= Okai Koi =

Okai Koi was a warrior king who formed the Akwashong, supreme military command, which provided the basis of renewal of Ga-Dangme military power.

== History ==
Okai Koi (other wording is Kankuey in Togo) was the son of Mampong Okai (or Ekuey in Togo) and Dode Akaabi (or Adudey Akpabie in Togo). King Okai Koi signed a treaty with Denmark for a permanent trading post-fort Christiansborg on August 18, 1661. He ceded the beach of Osu to the Danes to start the building of the Christiansborg.
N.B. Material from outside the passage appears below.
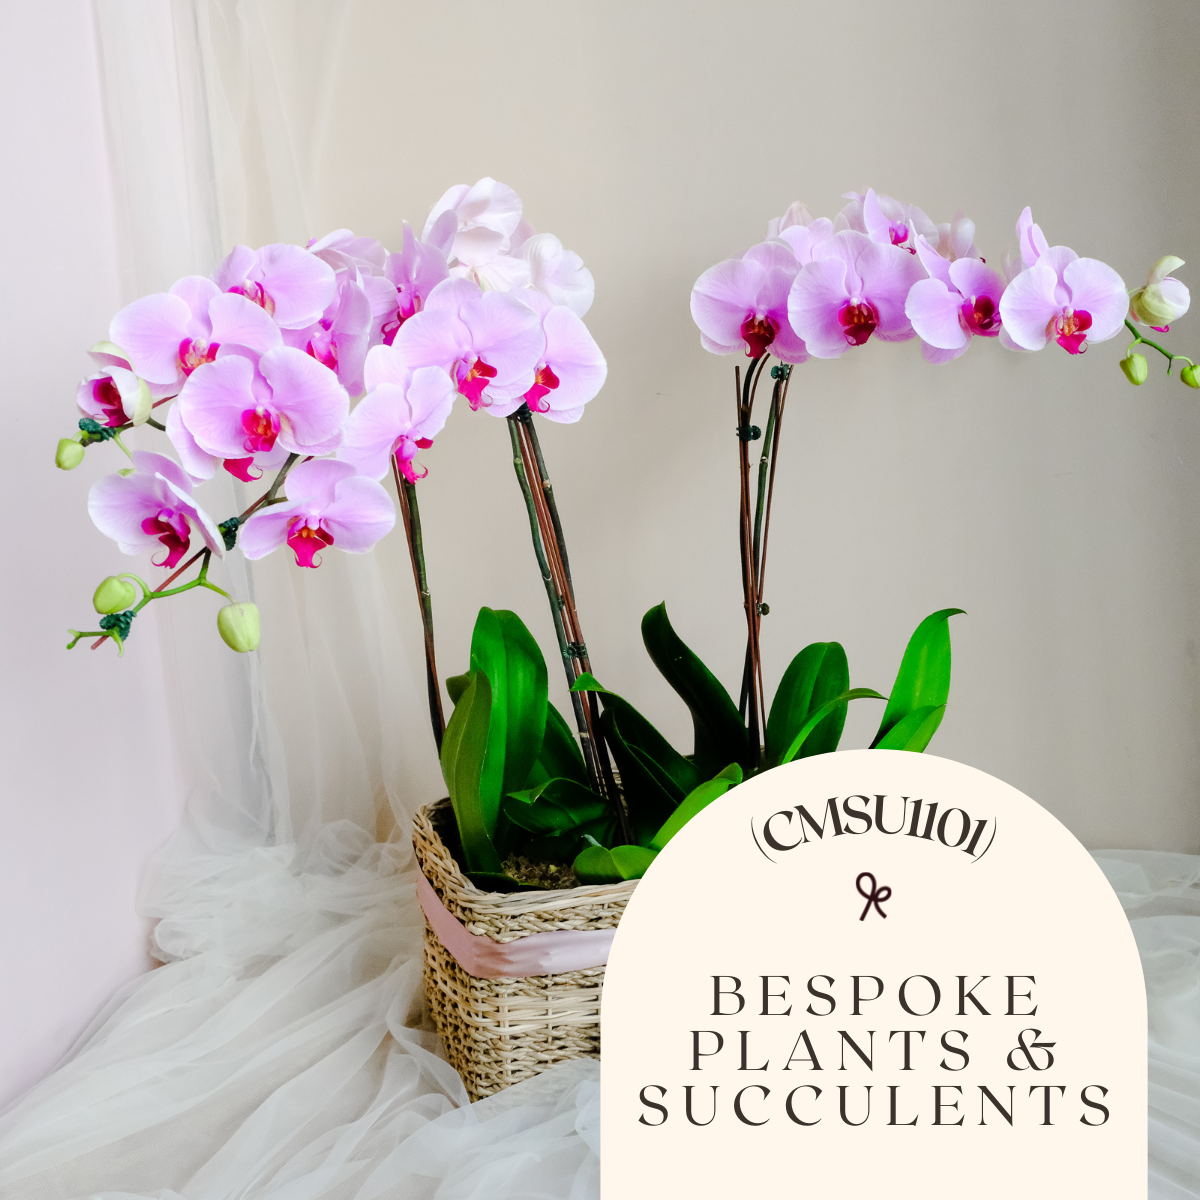 Bespoke Plants & Succulents
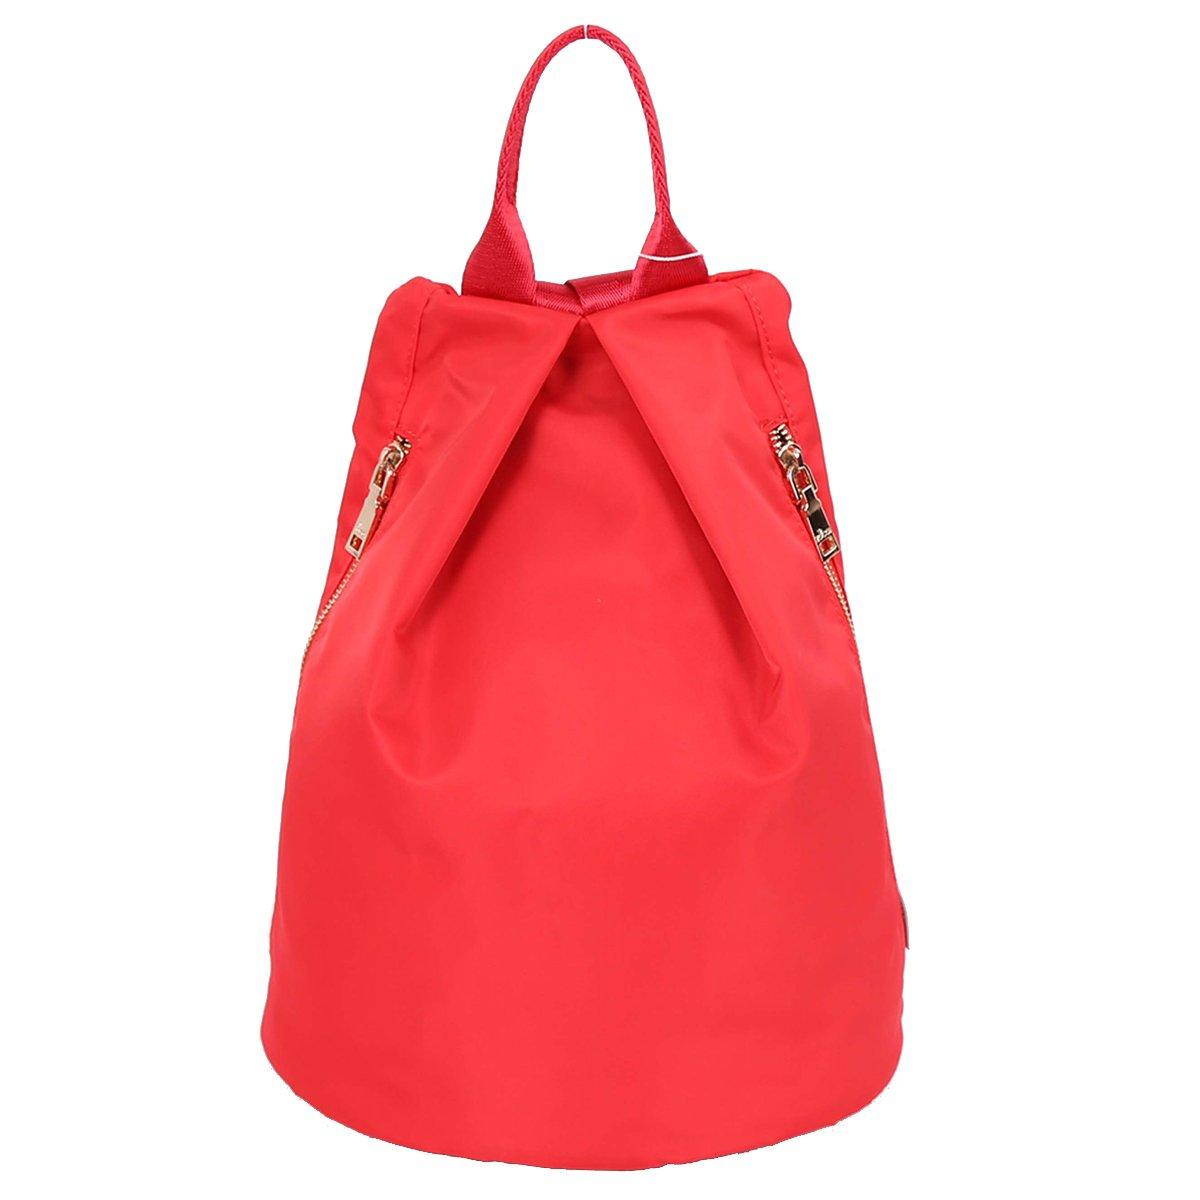 ZOCAI Nylon Fabric Unisex Barrel Backpack Handbags Puses Casual Day Backpack Clearance K15657

His own generals eventually betrayed him when they deserted him in a war against the Akwamus. Okai Koi cursed the deserters and blessed the loyal generals. After he finally took his own life. The death was the beginning of a period of uncertainty in Ga-Dangme history. Women and children, thousand of them were evacuated from Ayawaso because of his courage. His death marked the end of the Ayawaso period;

Majority of the Ga's retired to Aneho (formerly named Little Popo) a city currently located in the neighboring country Togo and the others resettled or joined kinsmen along the coastal strip. Trades were increasing with Europeans which had rendered the coast or Little Accra (Ga Mashi) attractive more than Ayawaso.

Prince Ashangmong (other wording is Asshiongbon) continued a guerrilla warfare against the Akwamu, driving them to Fanti. Prince Ashangmong was the son of Okai Yai, the brother of Okai Koi. The prince then retired with all the Ga from Labadi and Ningo to the Little Popo (Aneho).